Bu tabağı ve arkasından iki tabağı daha bitirmeden hemen önce feci bir yağmur başladı. İlker yok, geç gelecek. Arca ile makarnalarımızı yağmuru seyrederek yedik. Pek tabii ; neden şimşek çakıyor, neden gök gürlüyor, neden yağmur yağıyor soruları eşliğinde...

Arca an itibariyle tuvalet keyfi yapmakta.. Bense bu hafta her gece olduğu üzere yine dükkanı açacağım. İşlerim katiyen bitmiyor...

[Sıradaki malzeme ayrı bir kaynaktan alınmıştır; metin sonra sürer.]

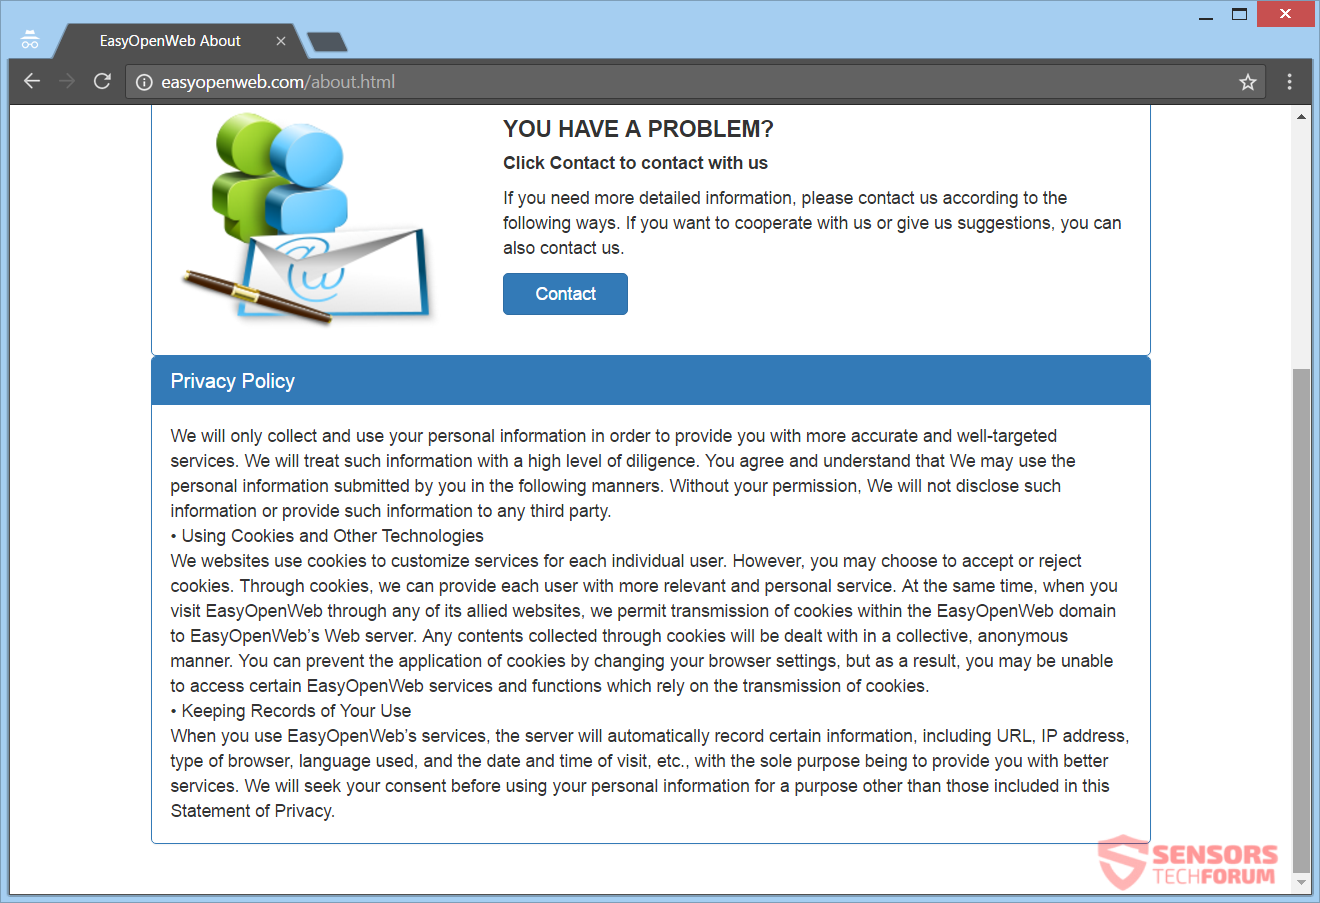 stf-easyopenweb-com-easy-open-web-com-browser-hijacker-redirect-privacy-policy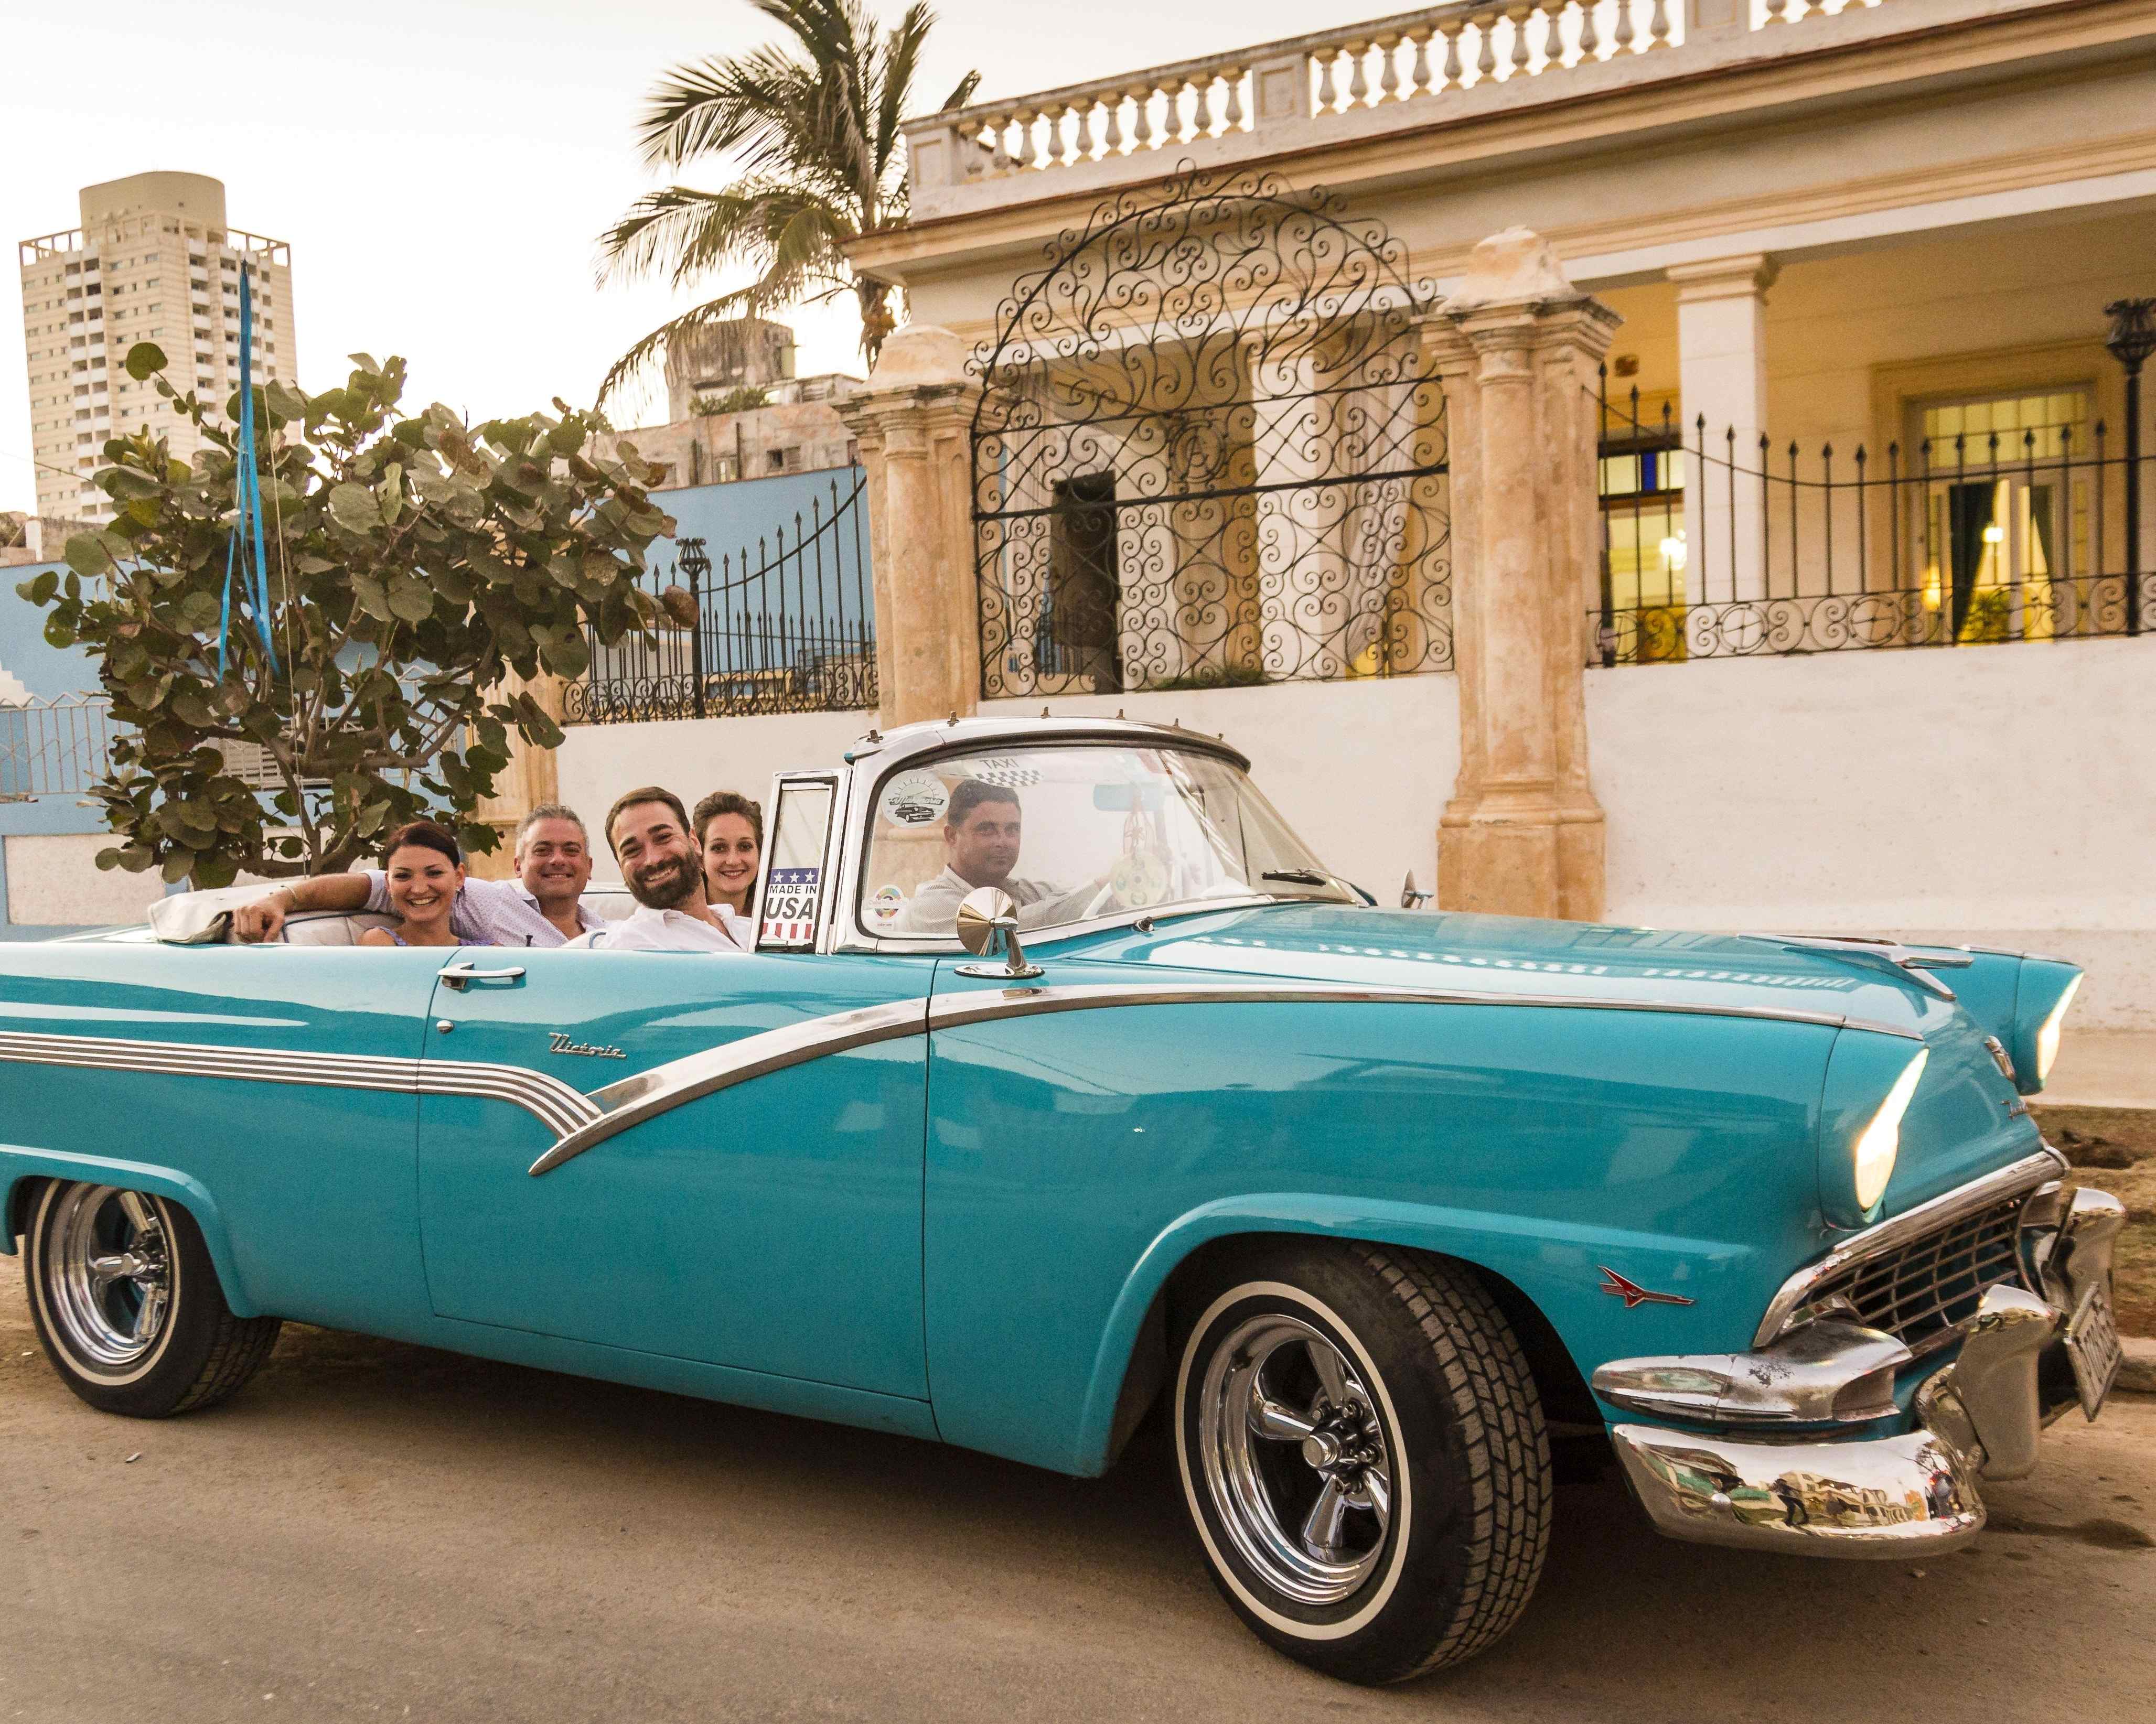 Koloniales Kuba mit All-Inclusive in Varadero

Ama önce madem başlıkla beklentiyi yükselttik, o halde gerçekten lezzetli makarnalarımın sırrını açıklayayım:
Kocaman bir tencere, bol su, tuz... bunlar zaten biliniyor. Makarna pişerken ayrı bir yerde sos hazırlanacak. Sarımsak illa ki olmalı, sonra bol domates, biber, fesleğen... Ha işin sırrı sosa makarnanın pişme suyundan katmakta... Bir de makarna fazla pişmesin, e mi? Hadi bakalım bon appétit :P

2 yorum:

Adsız dedi ki...

slm, zaten lezzetin super oldugunu goruntu belli ediyor, feslegen taze mi, kuru mu? bir de biber ne biberi? bu sos sayesinde ketcap kullanmayı bırakabiliriz gibi gorunuyor, ama ben dun dukana baslamıstım, bu bana yapılırmıydı Yeliz yaaa, sevgiler Defne

yeliz dedi ki...

Defnecim çok fena. Dukan olayı bana uymaz, hani karbonhidratlısı olsa başımın tacı:) Fesleğenin tazesi makbul ama evde kurusu vardı. Pişerken değil piştikten sonra koyuyorum. Biber de banner fotoğrafında kurumakta olan biberler var ya hah işte onların öğütülmüşü:)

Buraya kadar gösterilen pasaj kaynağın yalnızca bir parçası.